## [COLLECTED DATA]
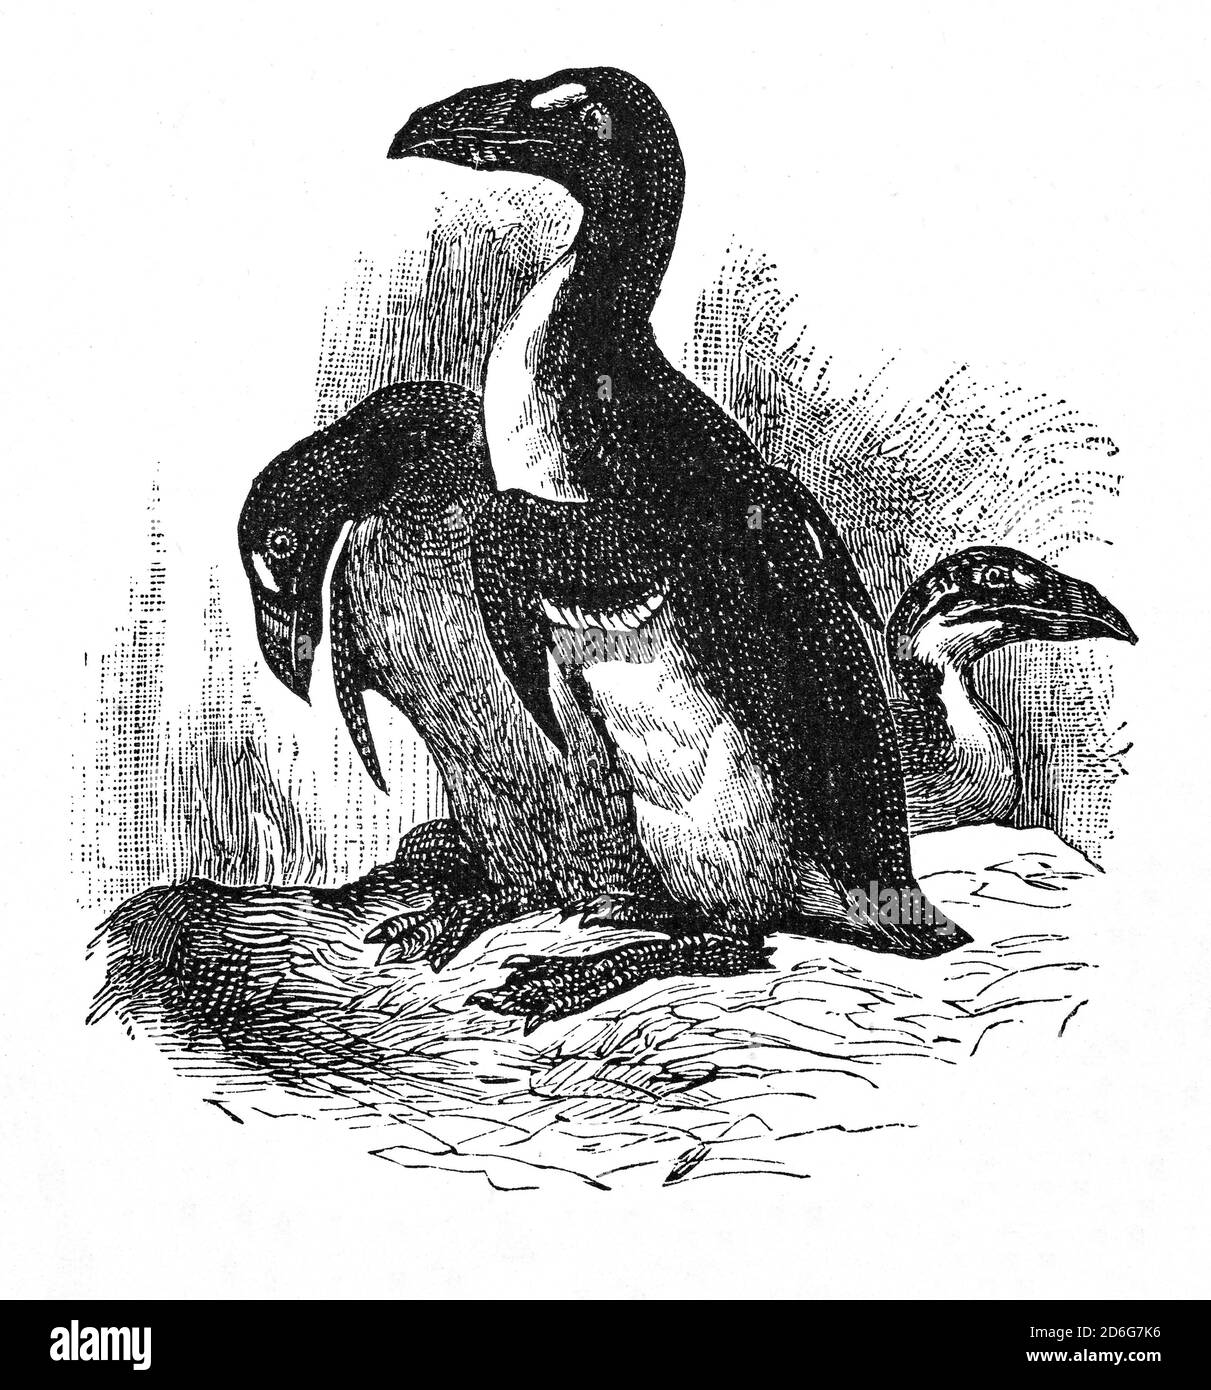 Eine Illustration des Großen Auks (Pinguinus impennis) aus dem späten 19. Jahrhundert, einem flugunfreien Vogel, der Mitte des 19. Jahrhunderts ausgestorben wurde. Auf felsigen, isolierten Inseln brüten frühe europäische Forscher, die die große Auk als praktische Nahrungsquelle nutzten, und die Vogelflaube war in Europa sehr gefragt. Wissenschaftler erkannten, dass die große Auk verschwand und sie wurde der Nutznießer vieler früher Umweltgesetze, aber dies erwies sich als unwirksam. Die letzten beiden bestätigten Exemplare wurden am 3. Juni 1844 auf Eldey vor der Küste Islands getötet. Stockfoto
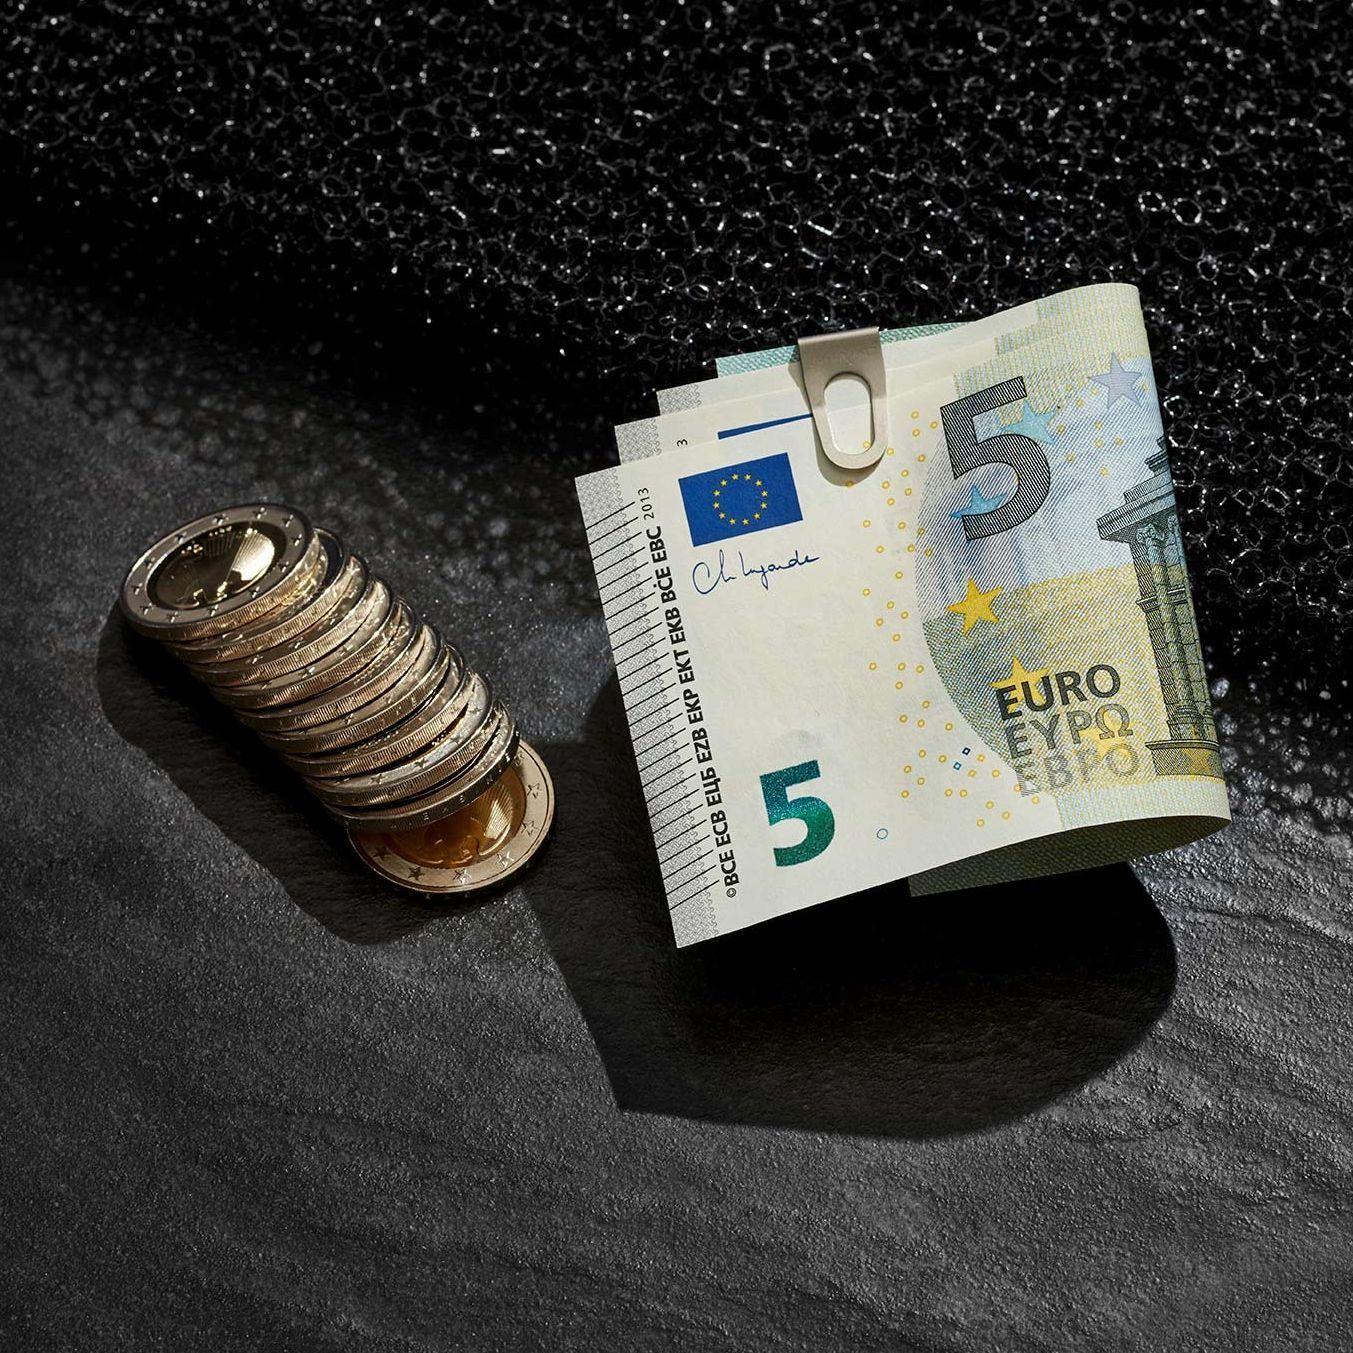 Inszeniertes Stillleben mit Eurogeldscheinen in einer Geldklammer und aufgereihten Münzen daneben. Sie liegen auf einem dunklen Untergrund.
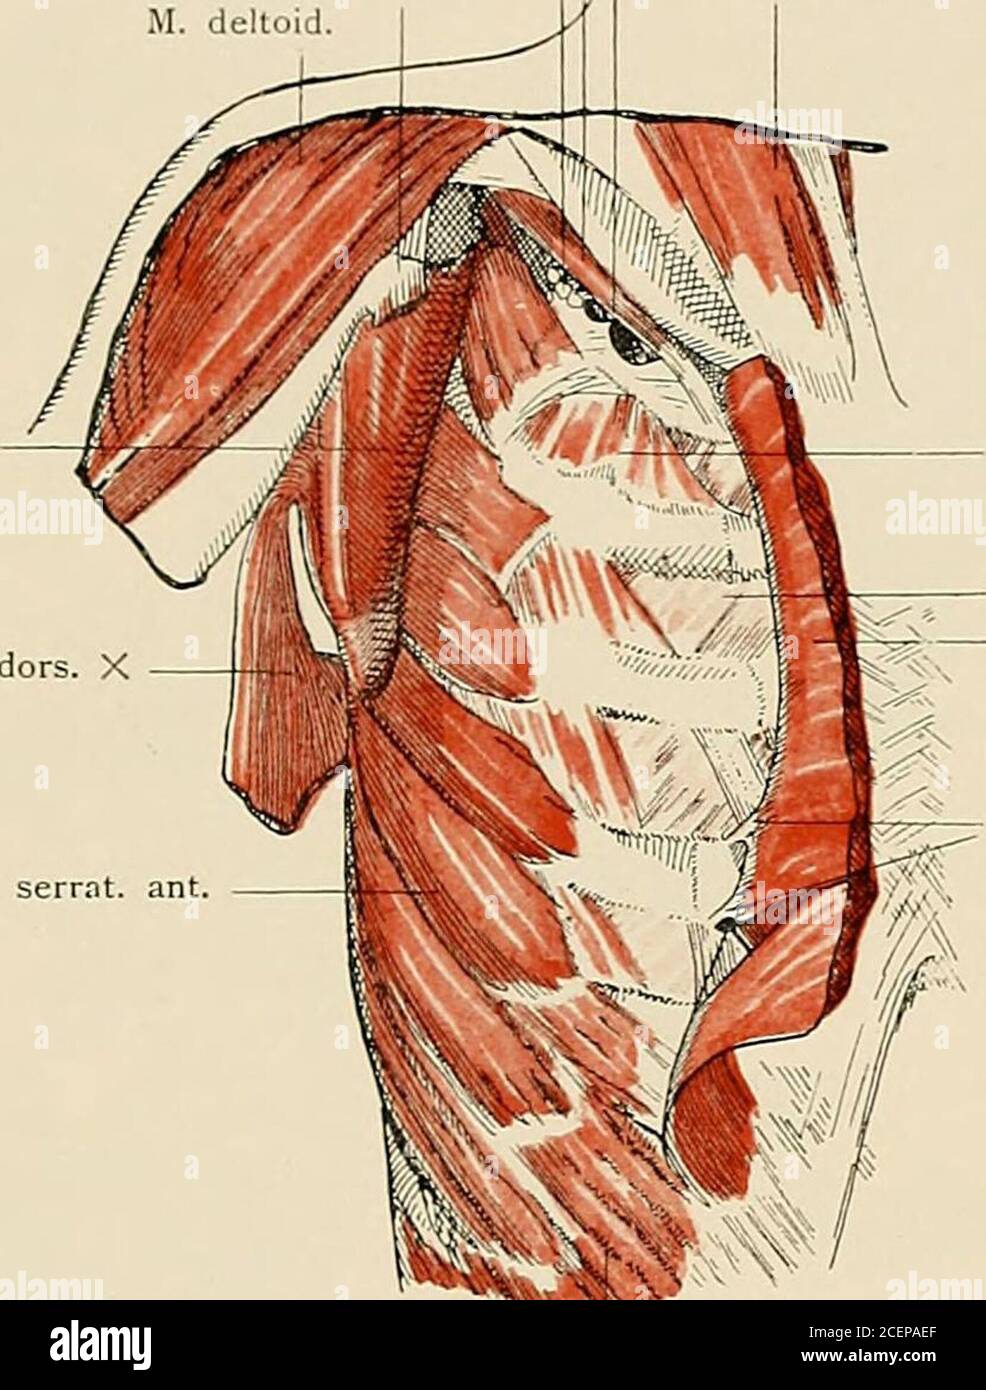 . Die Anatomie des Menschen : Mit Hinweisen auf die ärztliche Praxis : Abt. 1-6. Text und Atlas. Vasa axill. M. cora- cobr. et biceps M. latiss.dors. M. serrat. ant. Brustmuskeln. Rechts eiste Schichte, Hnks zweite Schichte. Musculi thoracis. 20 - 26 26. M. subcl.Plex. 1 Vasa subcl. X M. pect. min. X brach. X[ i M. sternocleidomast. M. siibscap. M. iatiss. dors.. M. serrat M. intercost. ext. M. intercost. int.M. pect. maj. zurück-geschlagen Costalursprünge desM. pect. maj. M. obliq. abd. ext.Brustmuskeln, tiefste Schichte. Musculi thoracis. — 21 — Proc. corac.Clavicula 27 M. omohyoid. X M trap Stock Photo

## [ASSIGNMENT]
Return the complete data unchanged and include none of the pictures.

## [SOLUTION TO THIS PROBLEM]
 Eine Illustration des Großen Auks (Pinguinus impennis) aus dem späten 19. Jahrhundert, einem flugunfreien Vogel, der Mitte des 19. Jahrhunderts ausgestorben wurde. Auf felsigen, isolierten Inseln brüten frühe europäische Forscher, die die große Auk als praktische Nahrungsquelle nutzten, und die Vogelflaube war in Europa sehr gefragt. Wissenschaftler erkannten, dass die große Auk verschwand und sie wurde der Nutznießer vieler früher Umweltgesetze, aber dies erwies sich als unwirksam. Die letzten beiden bestätigten Exemplare wurden am 3. Juni 1844 auf Eldey vor der Küste Islands getötet. Stockfoto
 Inszeniertes Stillleben mit Eurogeldscheinen in einer Geldklammer und aufgereihten Münzen daneben. Sie liegen auf einem dunklen Untergrund.
 . Die Anatomie des Menschen : Mit Hinweisen auf die ärztliche Praxis : Abt. 1-6. Text und Atlas. Vasa axill. M. cora- cobr. et biceps M. latiss.dors. M. serrat. ant. Brustmuskeln. Rechts eiste Schichte, Hnks zweite Schichte. Musculi thoracis. 20 - 26 26. M. subcl.Plex. 1 Vasa subcl. X M. pect. min. X brach. X[ i M. sternocleidomast. M. siibscap. M. iatiss. dors.. M. serrat M. intercost. ext. M. intercost. int.M. pect. maj. zurück-geschlagen Costalursprünge desM. pect. maj. M. obliq. abd. ext.Brustmuskeln, tiefste Schichte. Musculi thoracis. — 21 — Proc. corac.Clavicula 27 M. omohyoid. X M trap Stock Photo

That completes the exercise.